OSIRIS-REx, which launched in September 2016, has captured its first imagery of the 1,650-foot-wide (500 meters) space rock Bennu, NASA officials announced today (Aug. 24).

The spacecraft snapped the photos on Aug. 17 — the same day it officially began its final approach toward Bennu — from a distance of 1.4 million miles (2.2 million kilometers). [OSIRIS-REx: NASA's Asteroid Sample-Return Mission in Pictures]

"I can't explain enough how much it meant for the team," OSIRIS-REx principal investigator Dante Lauretta, of the University of Arizona, told reporters today. "I know Bennu is only a point of light here, but many of us have been working for years and years and years to get this first image down, and it really represents the beginning of the great scientific expedition that is OSIRIS-REx."
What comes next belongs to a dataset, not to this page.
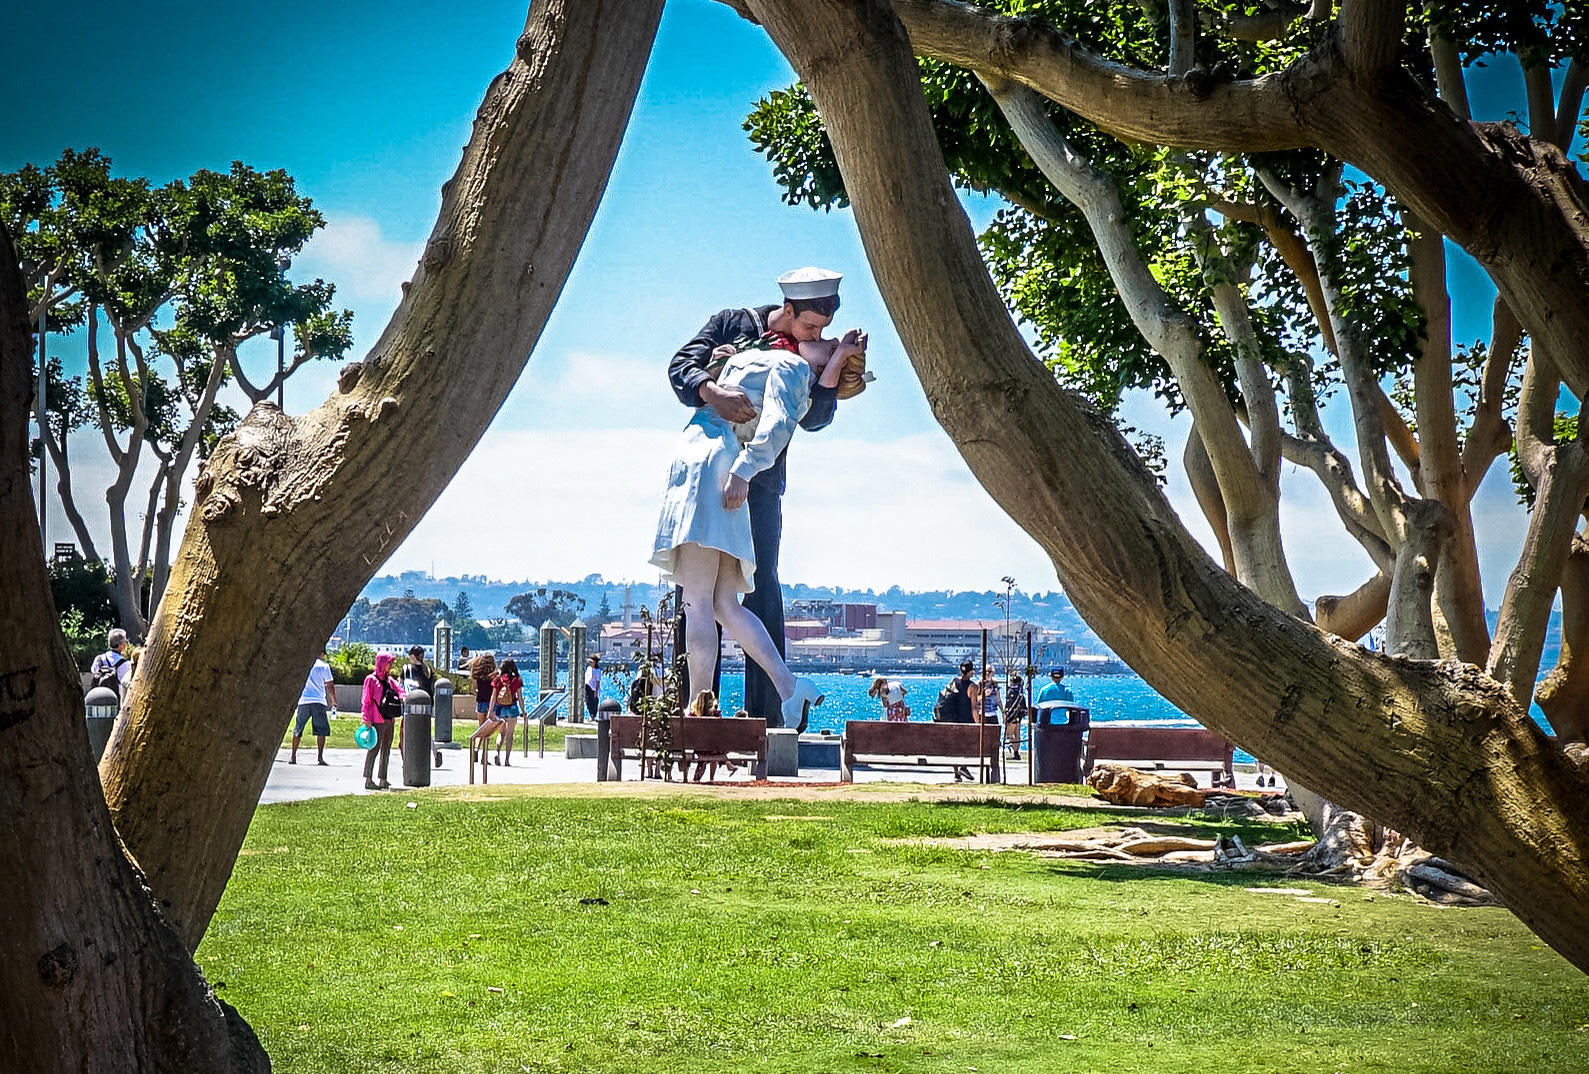 10 Things to Do in San Diego

Bennu will loom larger and larger in OSIRIS-REx's crosshairs over the next few months. If everything goes according to plan, the probe will arrive at the space rock on Dec. 3. It will perform a series of close flybys, taking measurements that will establish the asteroid's mass, and then begin circling Bennu on Dec. 31.

That will be no mean feat.

"It's Bennu's size and small mass that make the navigation challenges on this mission unprecedented, really," said Michael Moreau, OSIRIS-REx flight dynamics system manager at NASA's Goddard Space Flight Center in Greenbelt, Maryland. "On December 31, when we insert into orbit, then it will become the smallest planetary object to ever be orbited by a spacecraft."

For comparison, the asteroid Ryugu, which Japan's Hayabusa2 spacecraft has been orbiting since late June, is about twice as wide as Bennu, and about six times larger in terms of volume, Lauretta said. (Intriguingly, Bennu seems to share Ryugu's odd "spinning top" shape, he added.)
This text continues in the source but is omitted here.